__INSTRUCTIONS TO FOLLOW__
Copy out each line of the material exactly. Pictures do not belong in the copy.

[INFORMATION SUPPLIED Boundary: Start]

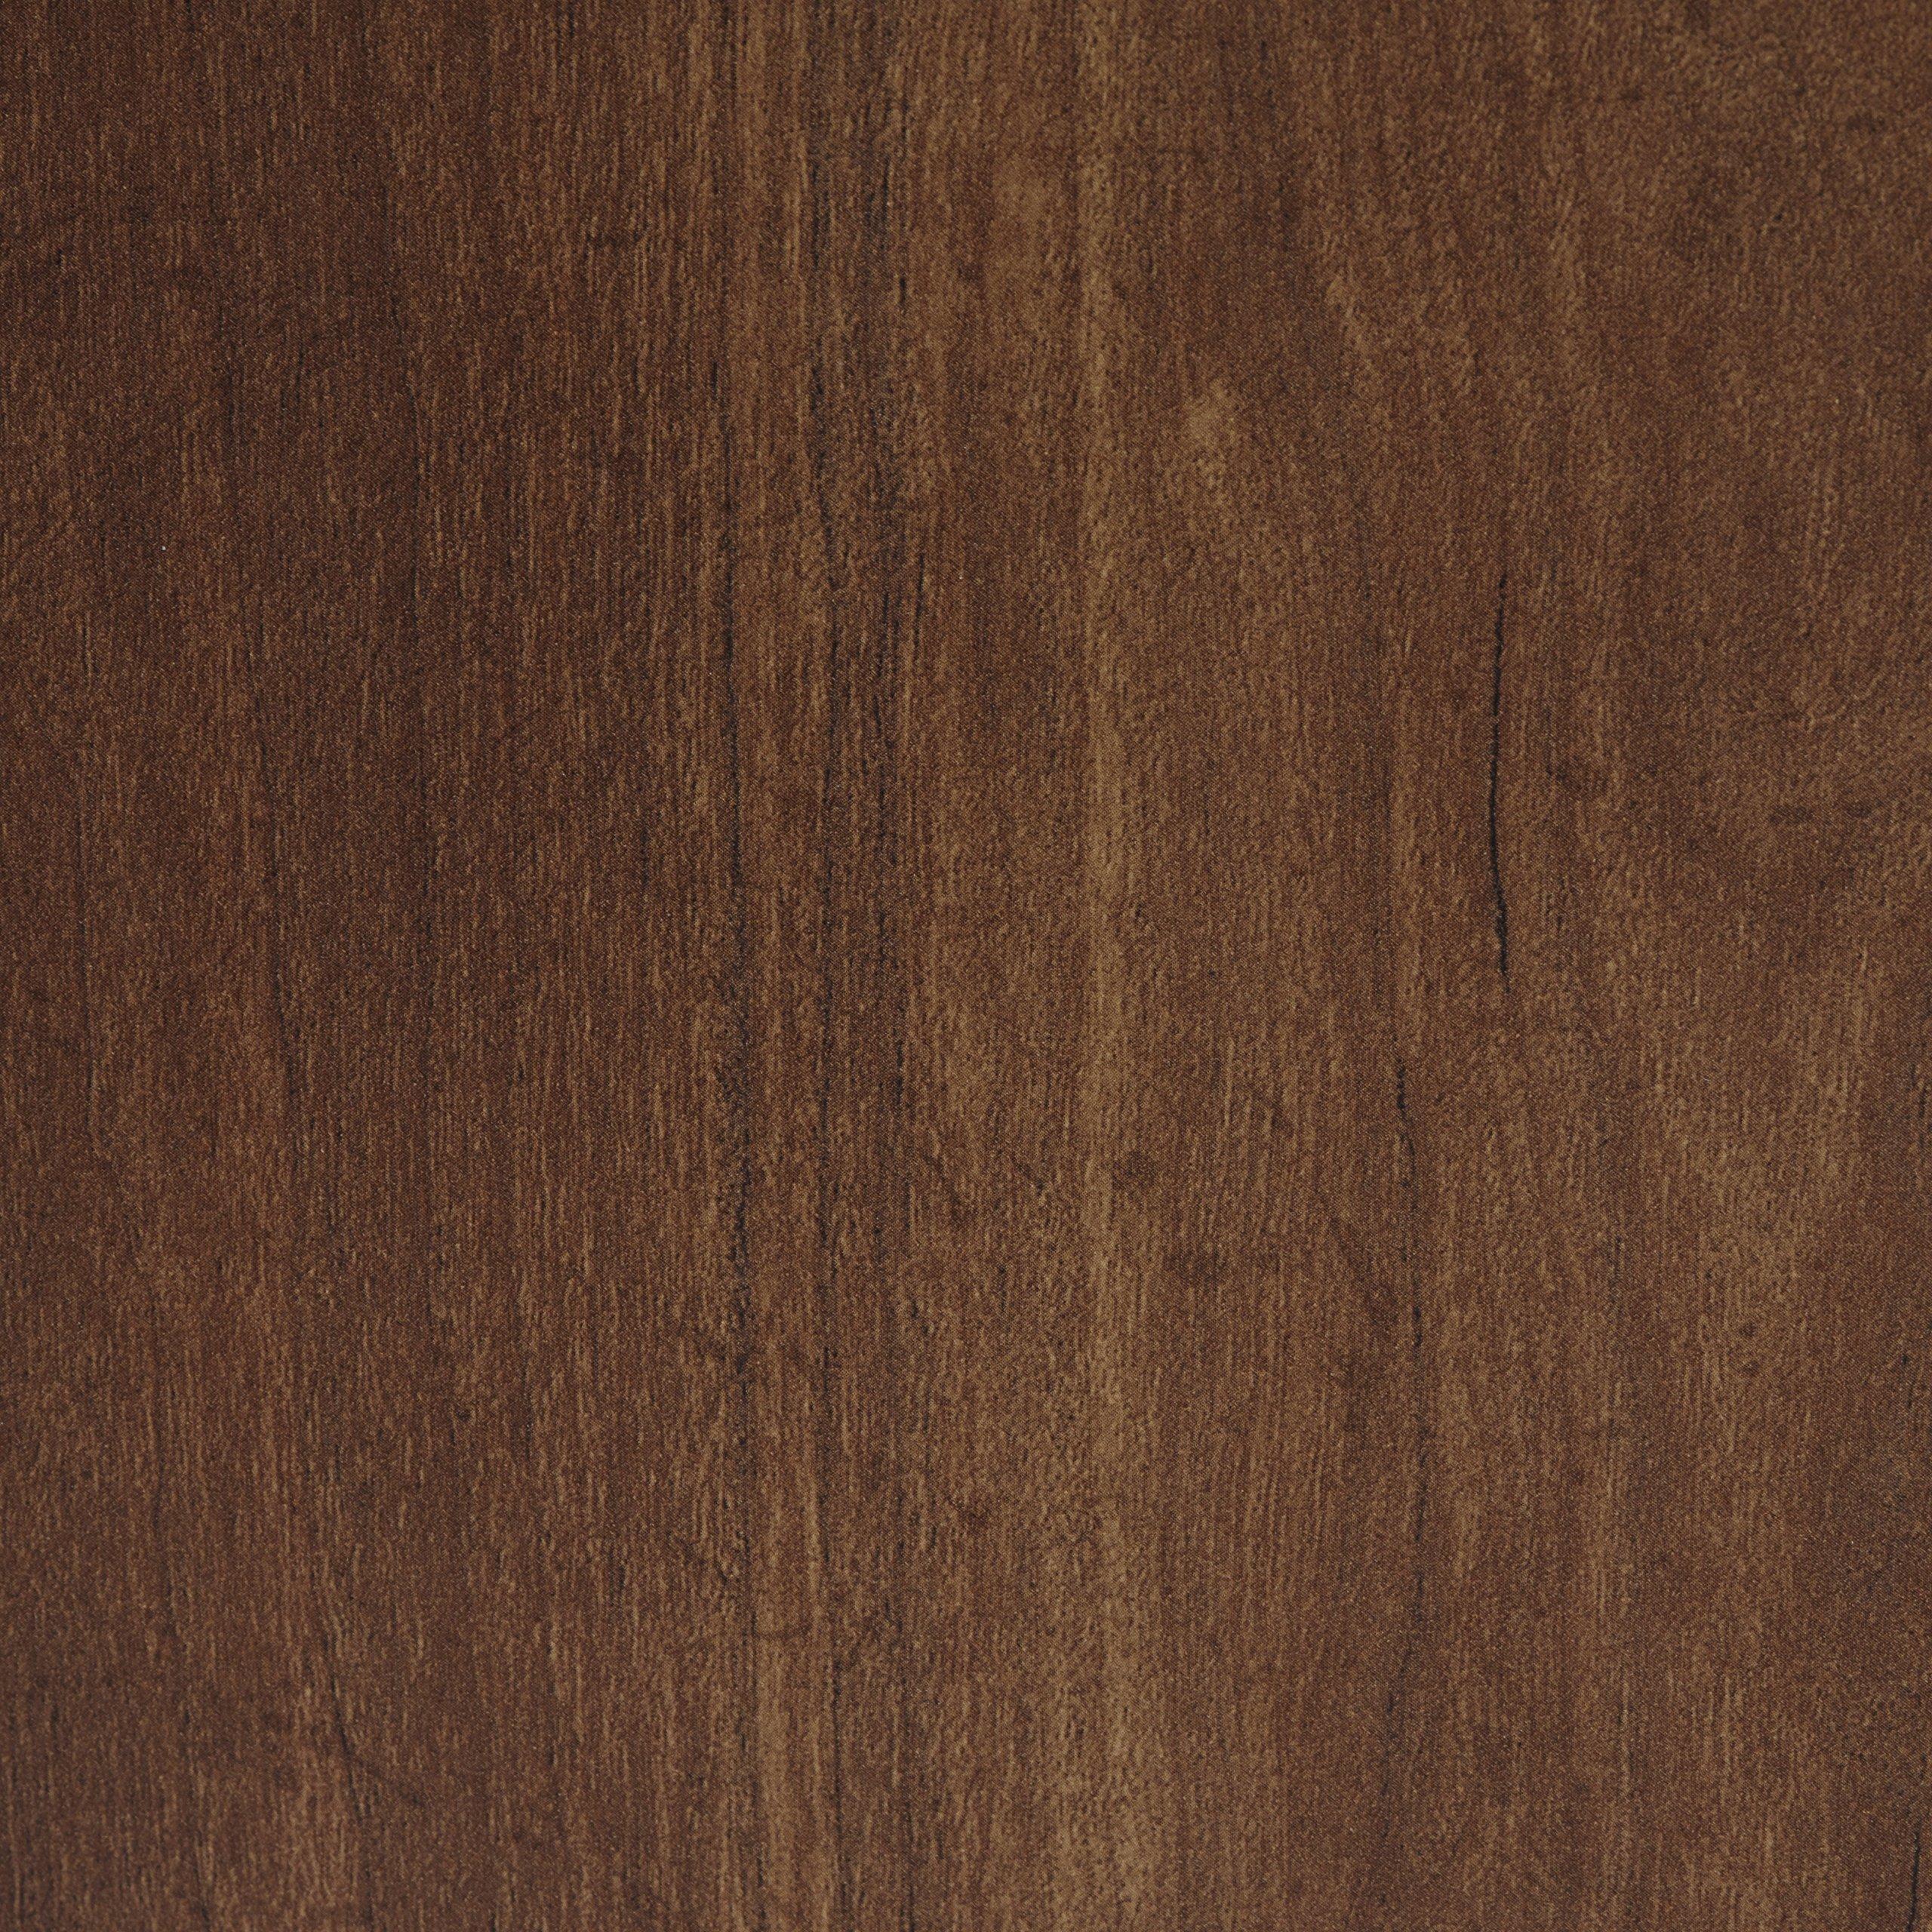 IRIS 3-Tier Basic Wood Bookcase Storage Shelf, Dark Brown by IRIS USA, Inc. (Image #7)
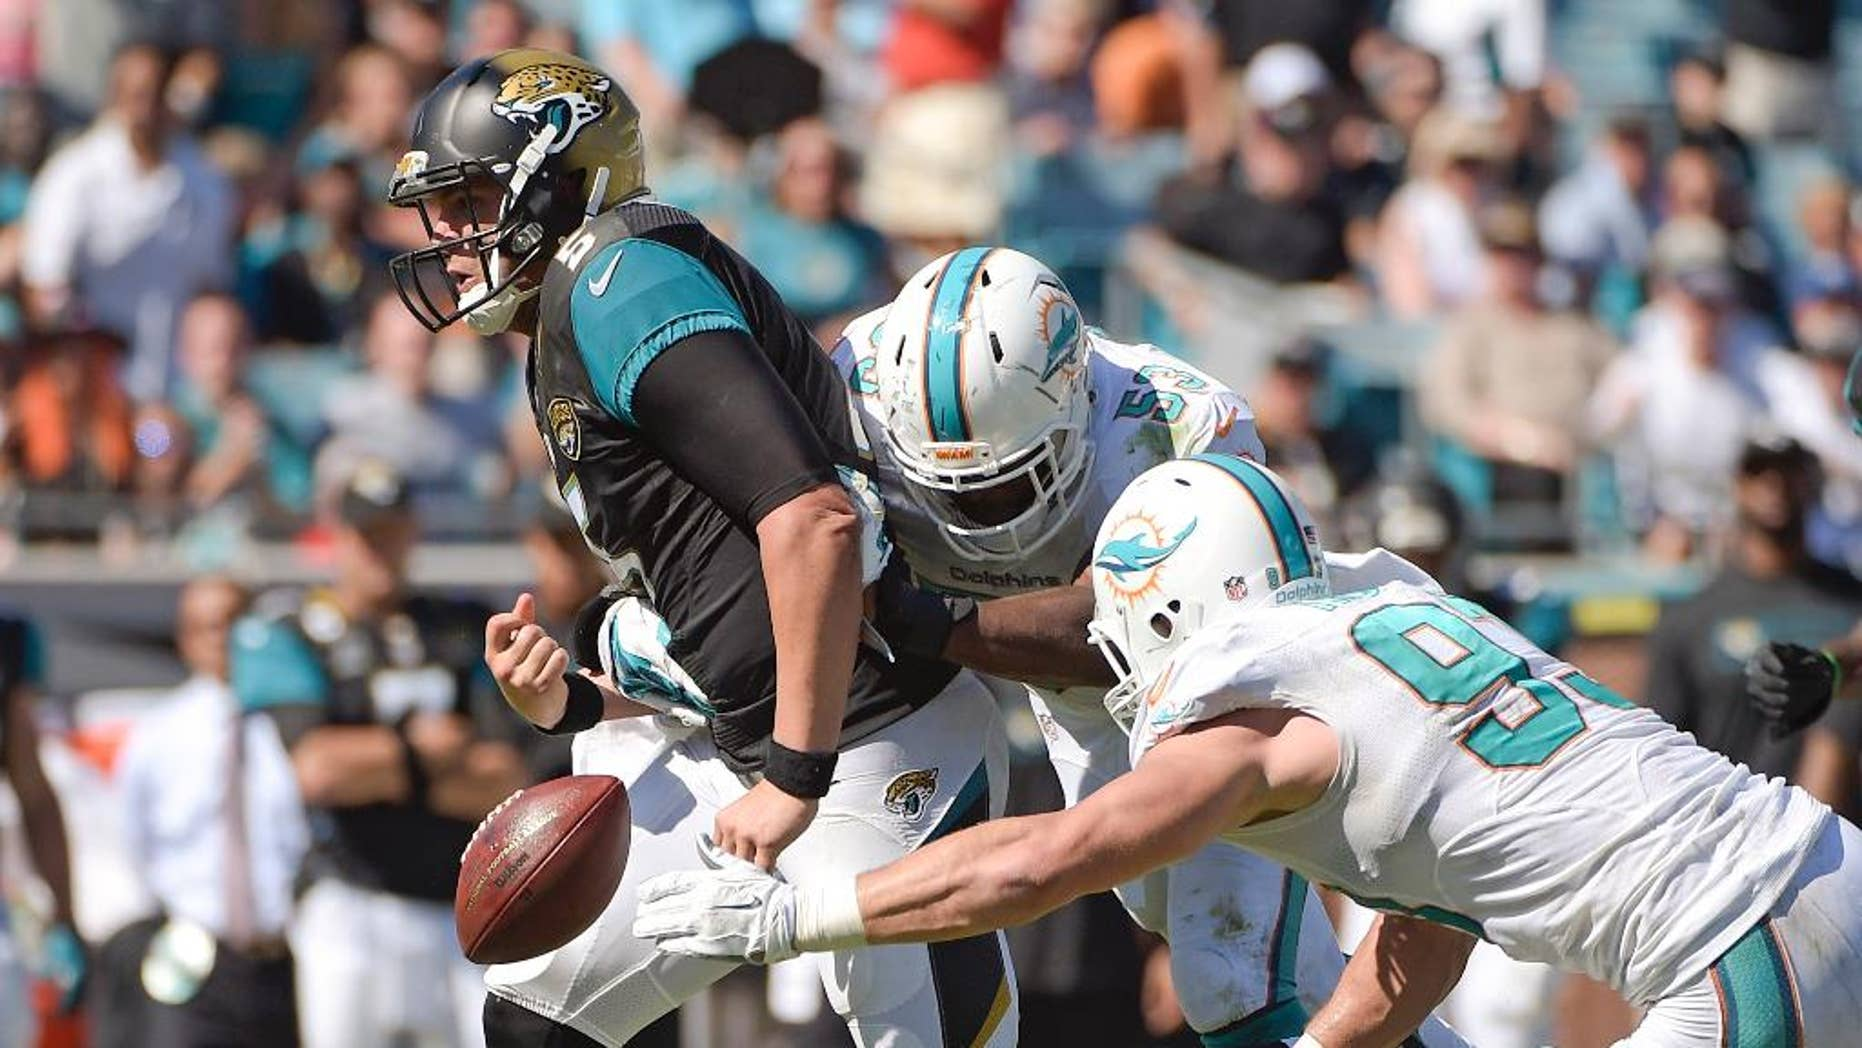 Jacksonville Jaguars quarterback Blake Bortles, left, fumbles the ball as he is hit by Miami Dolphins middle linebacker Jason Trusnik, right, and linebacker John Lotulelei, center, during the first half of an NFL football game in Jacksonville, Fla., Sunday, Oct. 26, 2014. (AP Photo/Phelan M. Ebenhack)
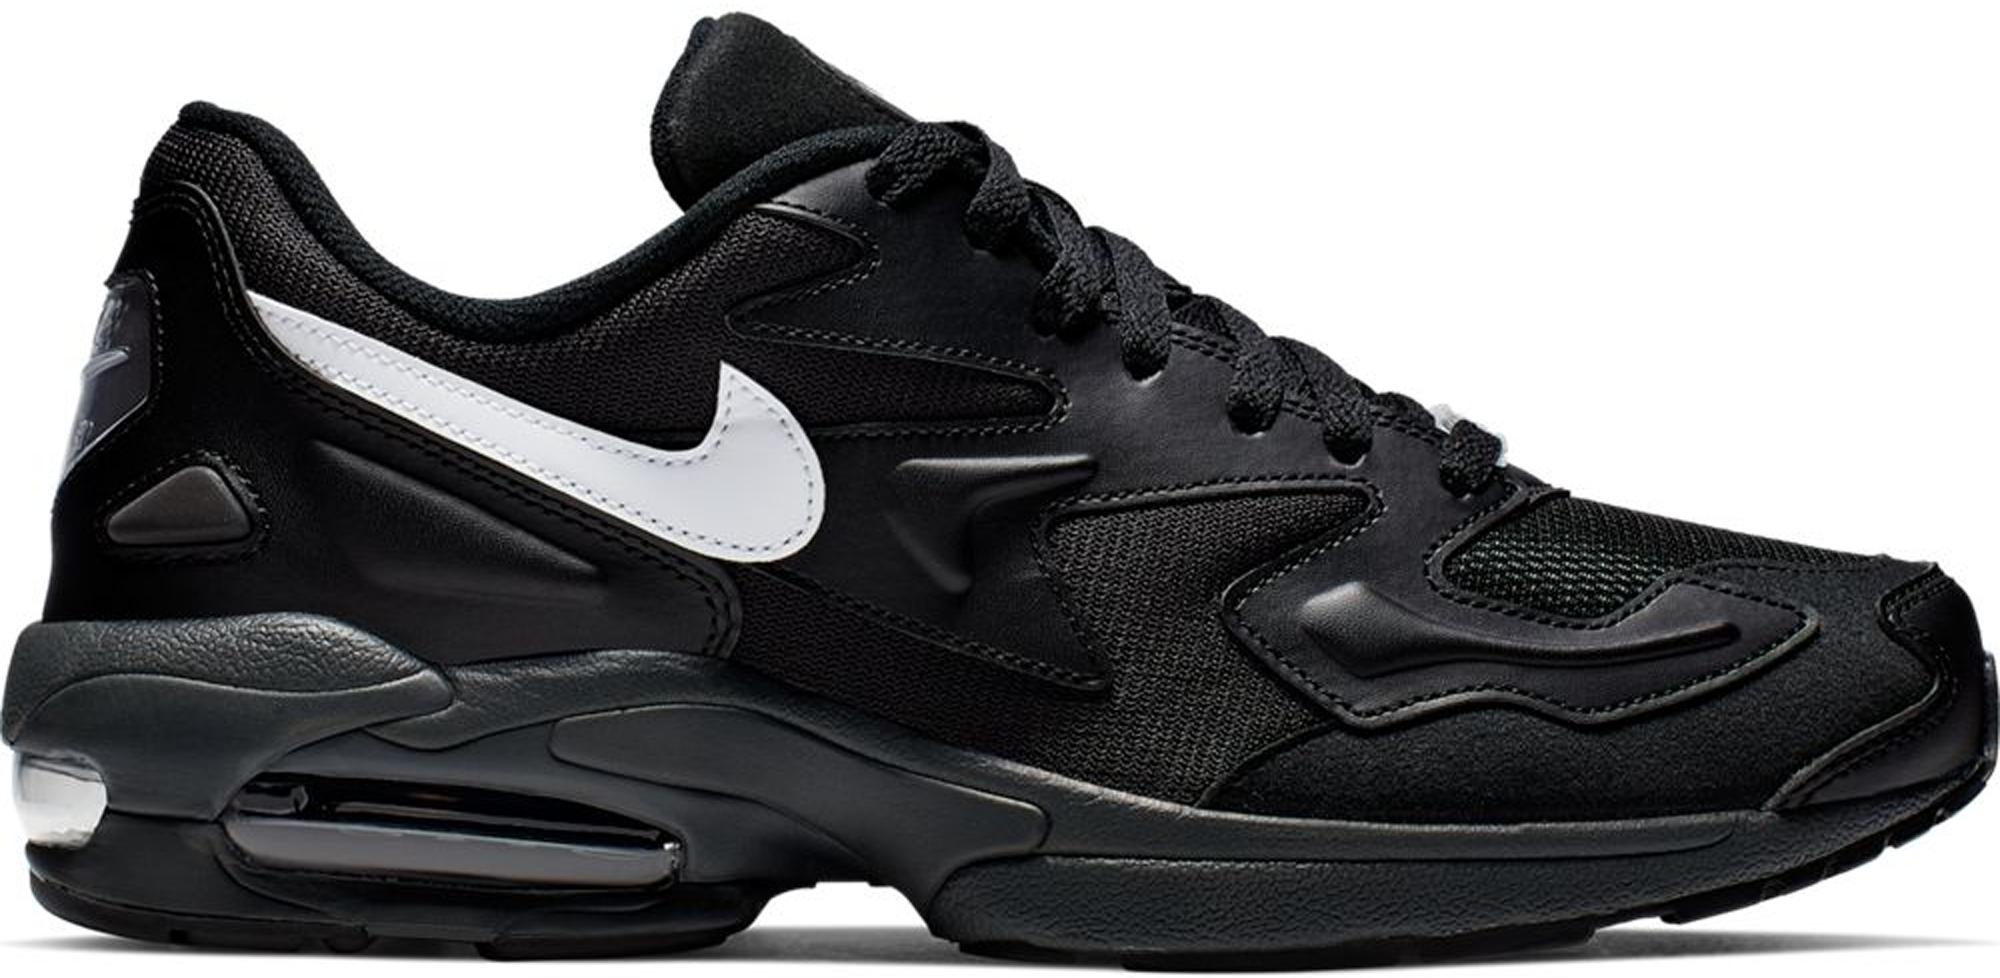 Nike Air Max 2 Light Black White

[INFORMATION SUPPLIED Boundary: End]

__TASK ANSWER__
 IRIS 3-Tier Basic Wood Bookcase Storage Shelf, Dark Brown by IRIS USA, Inc. (Image #7)
 Jacksonville Jaguars quarterback Blake Bortles, left, fumbles the ball as he is hit by Miami Dolphins middle linebacker Jason Trusnik, right, and linebacker John Lotulelei, center, during the first half of an NFL football game in Jacksonville, Fla., Sunday, Oct. 26, 2014. (AP Photo/Phelan M. Ebenhack)
 Nike Air Max 2 Light Black White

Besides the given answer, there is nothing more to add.